Exact copy, no pictures: take the lines of the listing below from the first through the one containing "Thoughts on Information".

Exercise data |
──────────

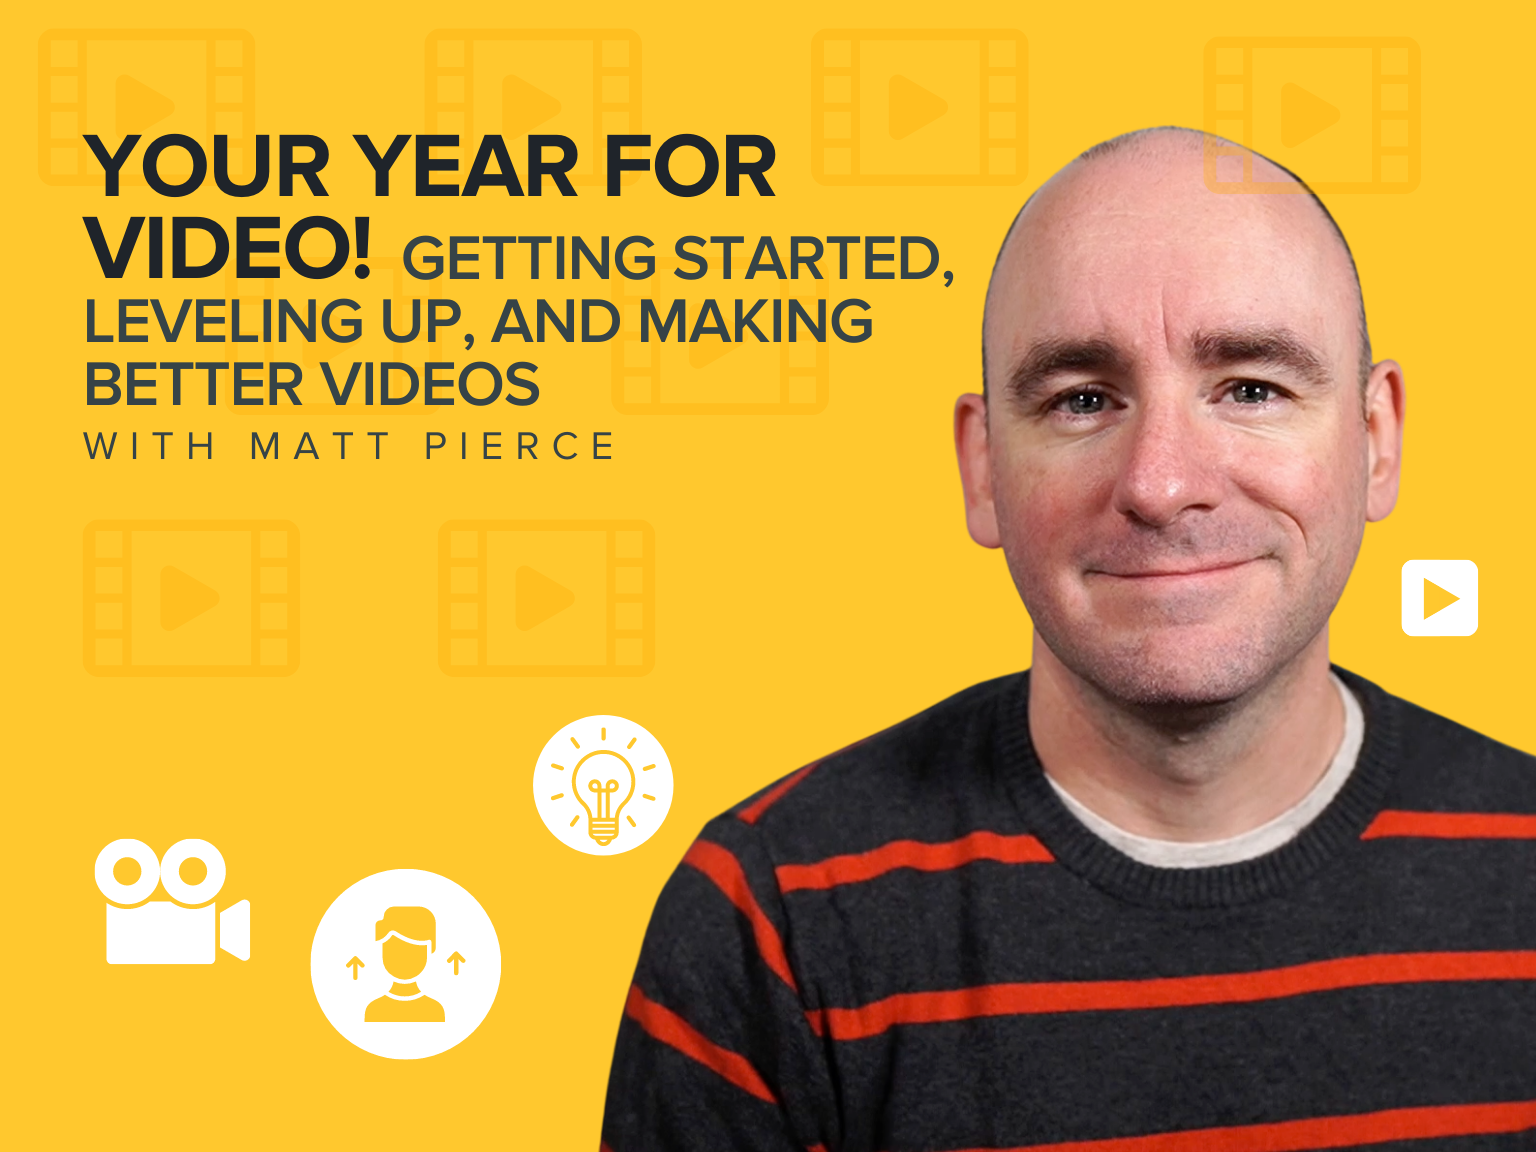 Your Year for Video! Getting Started, Leveling Up, and Making Better Videos
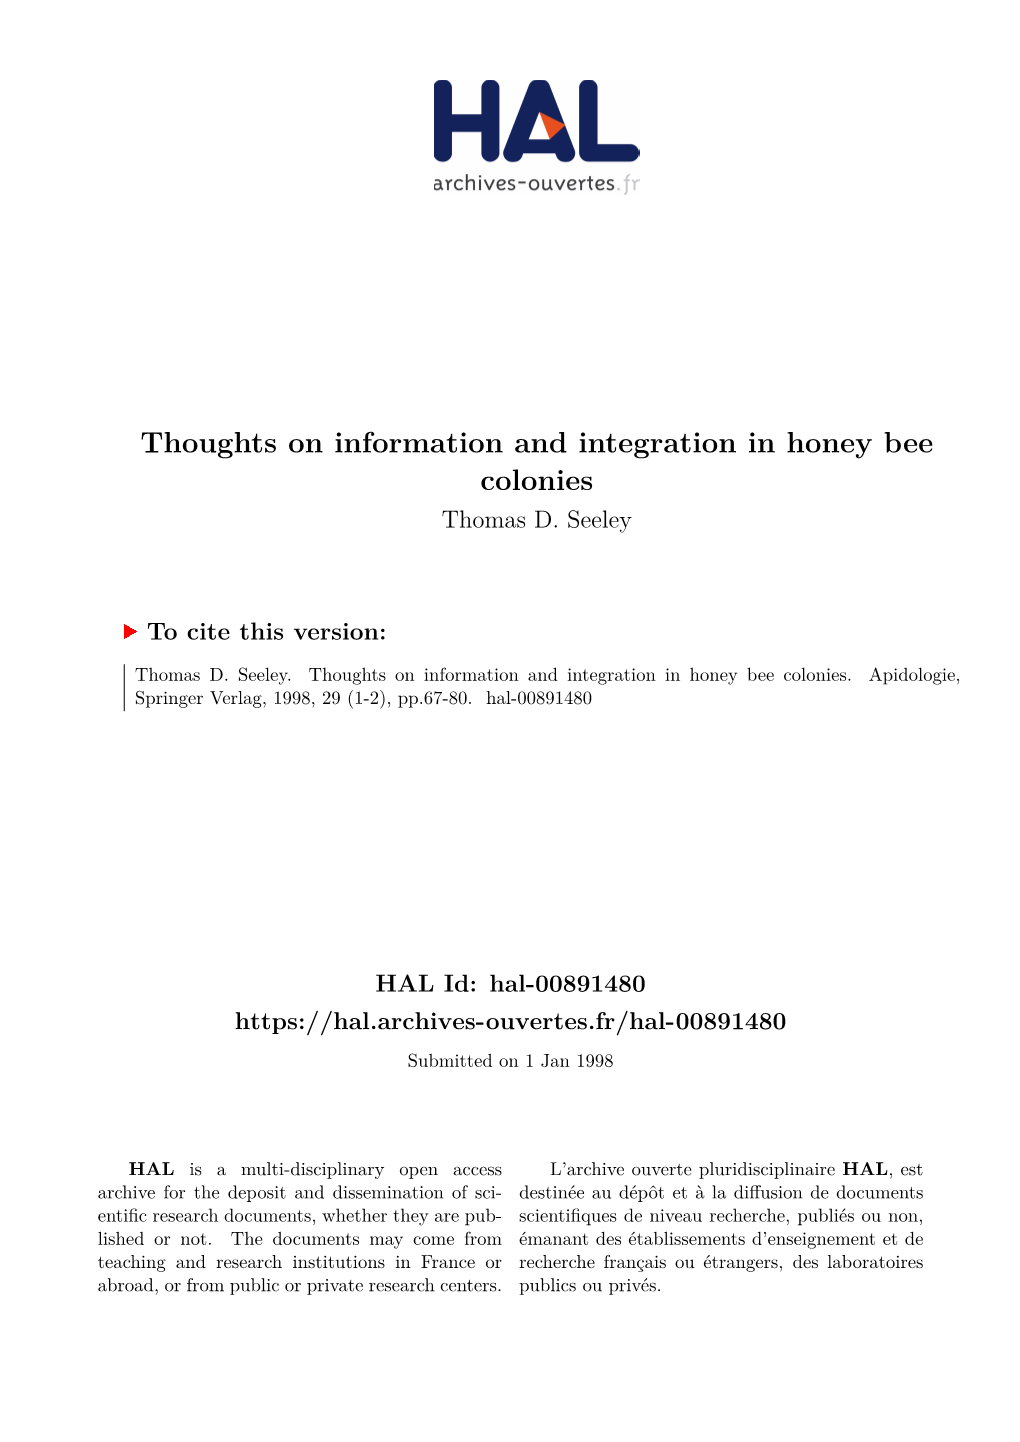 Thoughts on Information and Integration in Honey Bee Colonies Thomas D
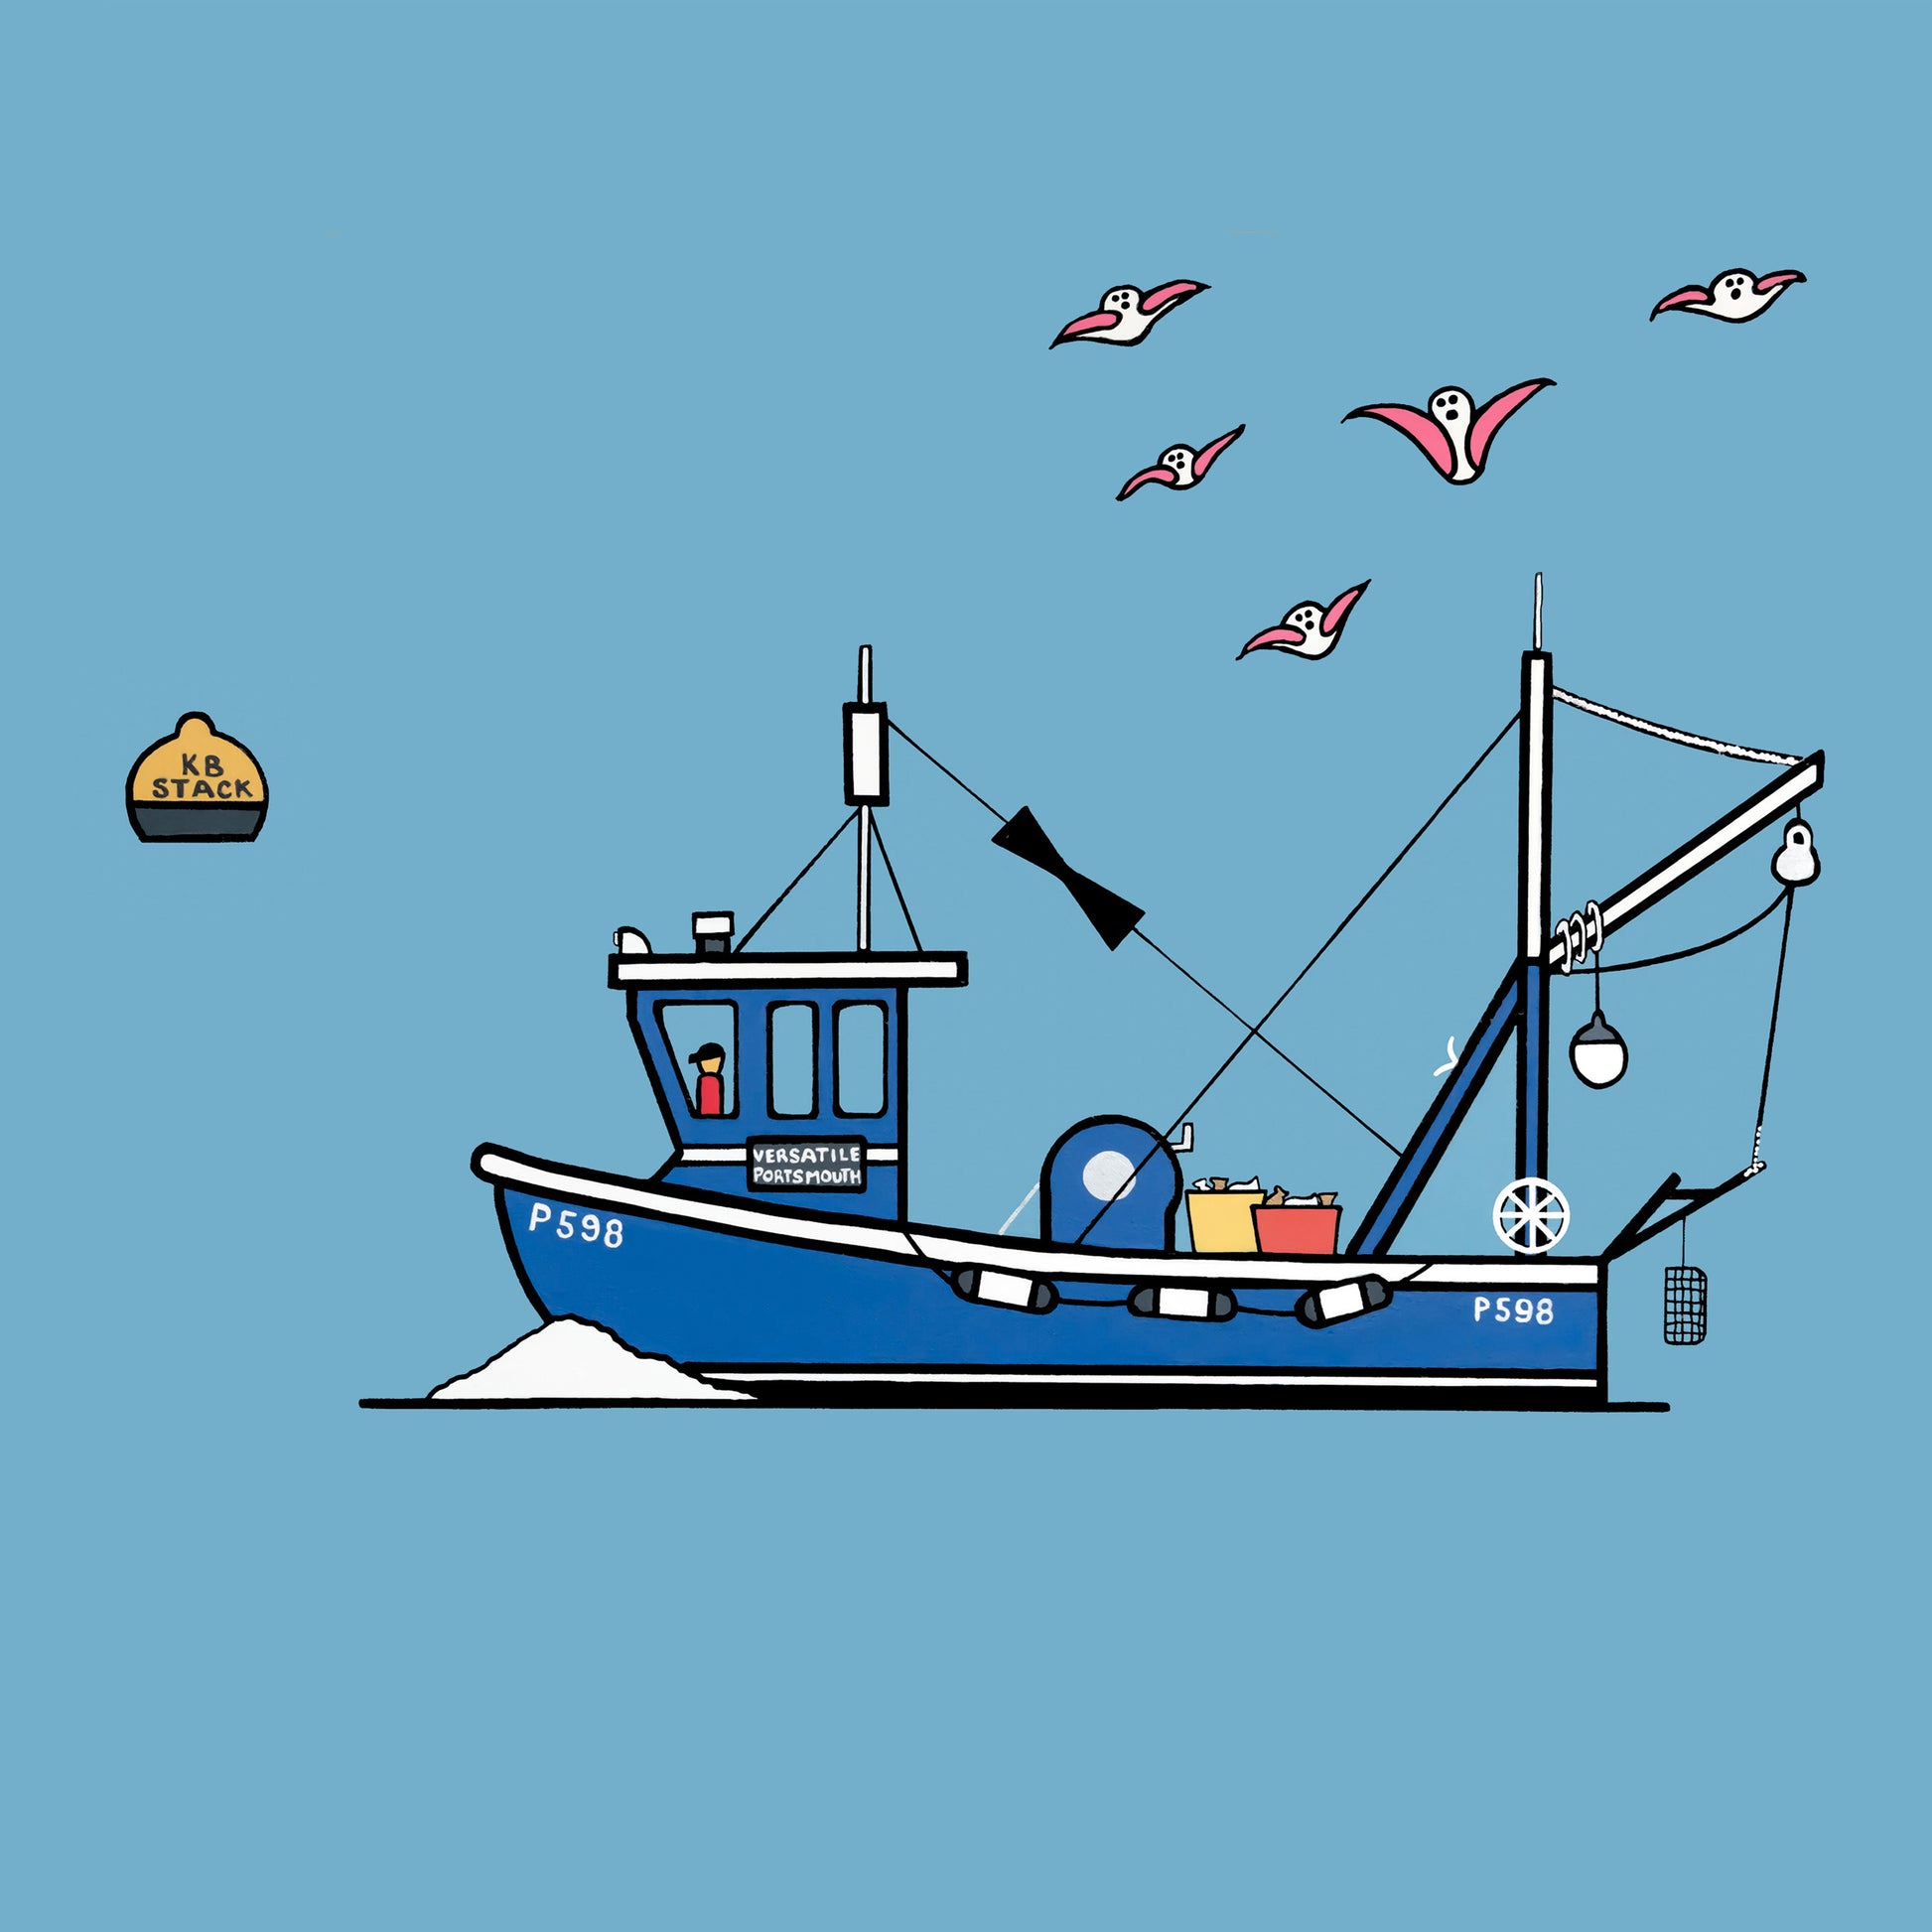 The artwork is called something fishy. The background is blue with a fishing boat. A buoy is floating with five pink winged seagulls flying above the boat in the sky. The fishing boat has lots of details of fishing baskets, floats and a small figure steering the boat.
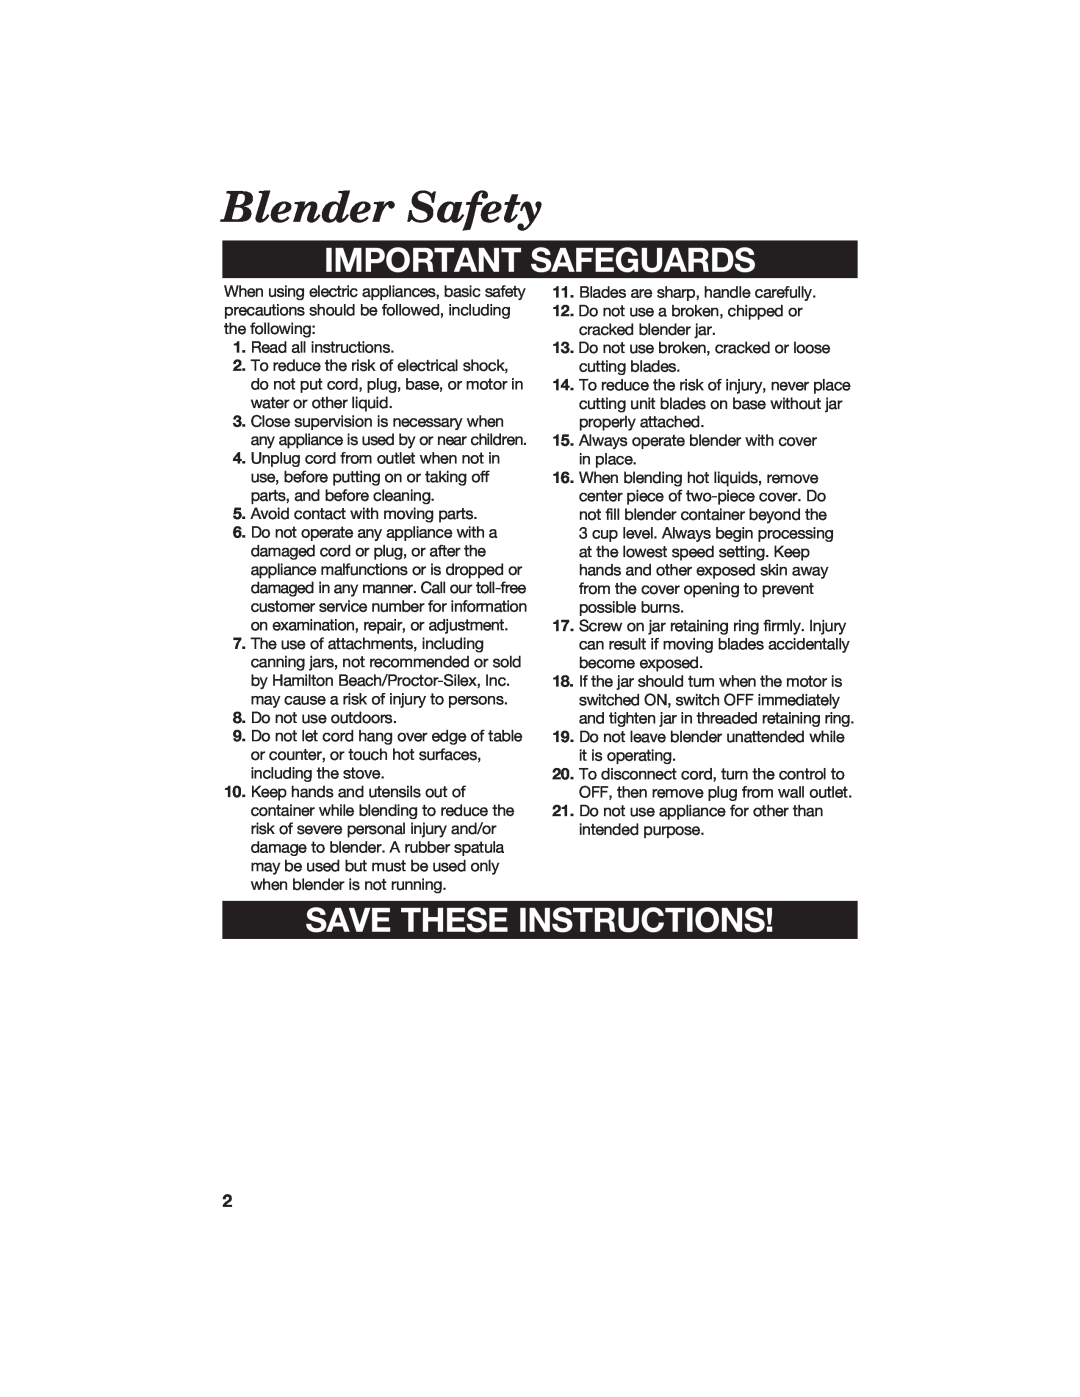 Hamilton Beach 840071000 manual Blender Safety, Important Safeguards, Save These Instructions

──────────

Reply to the exercise |
 Your Year for Video! Getting Started, Leveling Up, and Making Better Videos
 Thoughts on Information and Integration in Honey Bee Colonies Thomas D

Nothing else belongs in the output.